Tuesday, September 09, 2008

This Post Was Supposed to be About Computers but it Went Horribly Awry

The human mind is an amazing but sometimes maddening thing. Over the years we have been able to take the very simple concept of on and off and turn it into something amazing, computers that can perform functions ranging from adding 2 + 2 to publishing Big Dave and Company at a set time to theorizing how bridges are going to react when solar heating causes their metal to expand. It's really mind boggling if you sit down and think about it. And you should sit down because it's that deep and amazing. But you know what else we have managed to make computers, which really only understand two things, on or off, be? Totally, absurdly, frustrating.

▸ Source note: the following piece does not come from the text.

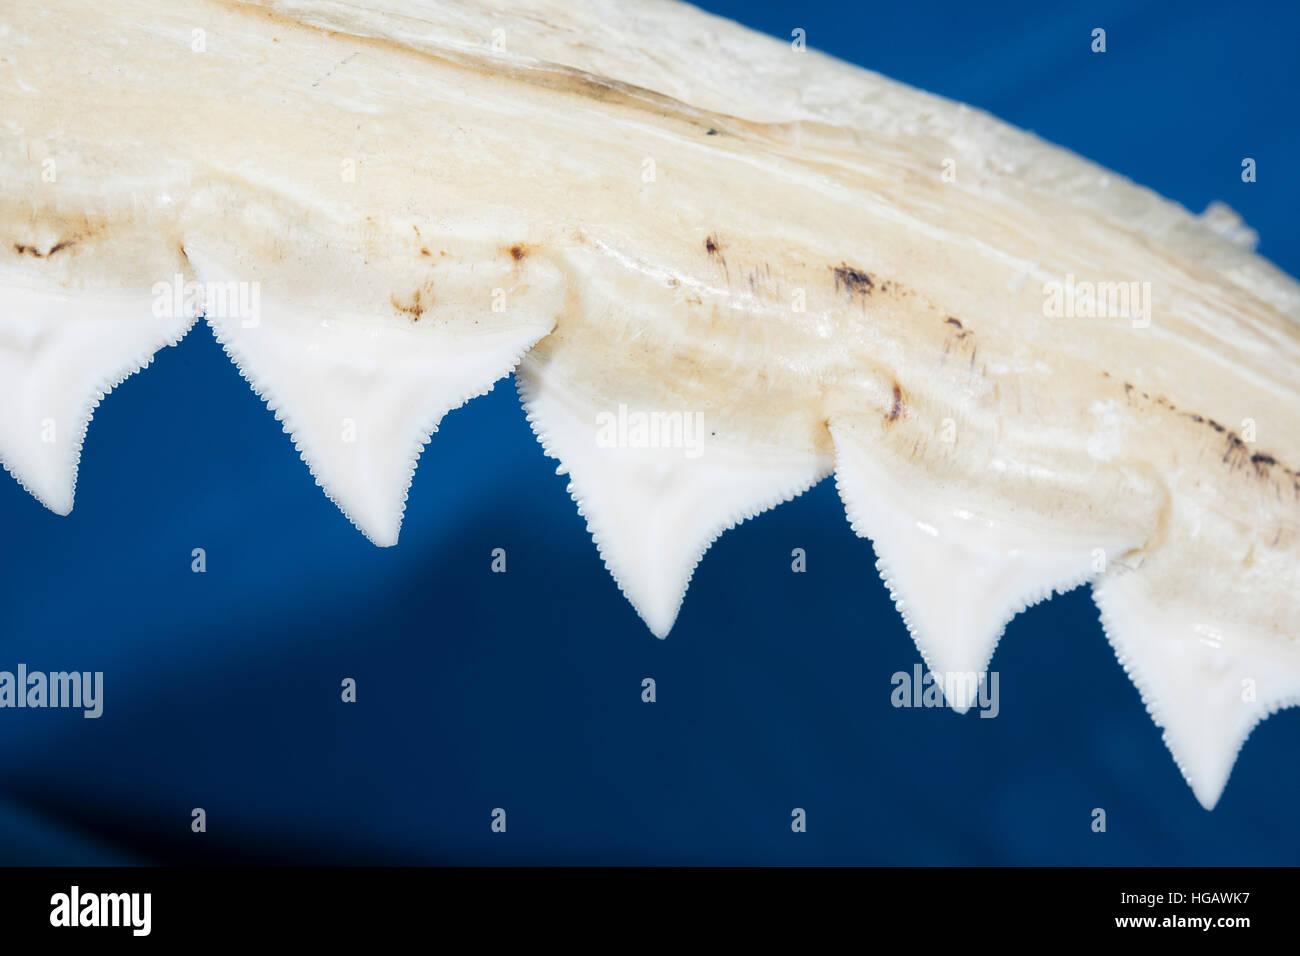 Les dents de scie sur la mâchoire supérieure du requin taureau, Carcharhinus leucas, utilisé pour saisir et détruire de grandes proies, le Birch Aquarium, La Jolla, Californie Banque D'Images

I have been trying to fix up Eric the Red's computer for, oh, say a year and a half. It really hasn't been that long, maybe more like a month or so, and I haven't really been trying that hard except for the last week or two. But it hasn't been an easy fix for me. And it's not because his computer is broken badly. It's not because he has asked me to do too much. In fact I volunteered. I just can't do it. I don't know if four years of Mac use, where you just install things, or plug them in, and they work have softened me, of if it's because I have gone retarded, or if it is because software has become more complex, but simple things that I have done before with relative ease I don't seem to be able to do anymore. And it makes me sad.
We are not talking about brain surgery here, Company. All I am trying to do is take one operating system off, and put a different one on. No big deal, right? That's what I thought. I've done it before. But apparently operating systems have become more sophisticated and I have not. Because this one does not want to let go. It's like a bear trap caught around a hunter's leg. Doesn't want to let go. It's like someone clinging to the side of an airplane before their first skydive. Doesn't want to let go. It's like an overprotective mother whose child is about to date for the first time. Doesn't want to let go. It's like my dog used to be after he would go fetch the ball. It just won't let go.
I guess it's smart, designing your software to be hard to replace. You want your name out there, you want people using your products. But come on. Designing software that doesn't allow itself to be replaced is like designing a car that won't let you put on better tires. I am sure that your tires are wonderful Pontiac G6, but I live in the Great White North, I need some snow tires. And I can replace them. But when I need an operating system that works with all my shit, God forbid I can get that. So now I had to call in the professionals, and by that I mean Christoff, who bails me out on just about every single computer issue that I have, and he will have it done in, oh say, 16 minutes and I will feel like a tool. But he's got the tools and the expertise. I suppose that if he ever needs someone procrastinate badly I would be able to repay the favor. Or maybe someone to plow their car accidentally into his house to collect the insurance money I will be able to start repaying favors to him.
Do you see how computers have me all worked up? Now, I am not complaining. These things happen. I offered and managed to get myself in a little over my head. No big deal. I am amazed at how such a simple little thing became so complex so quickly. Like a white puffy cloud that builds into a raging thunderstorm. Or like simply trying to install a ceiling fan that quickly becomes a whole house rewiring project. Or like trying to move a map cabinet that become a digging expedition. Or like one analogy that suddenly become like eight of them in the same post. I know, I am out of control. But that seems to be how my life is going lately. And all I can do is just ride the wave I guess. I wish it were as simple as yes or no. Black or white. On or off. But then again, look where that got us.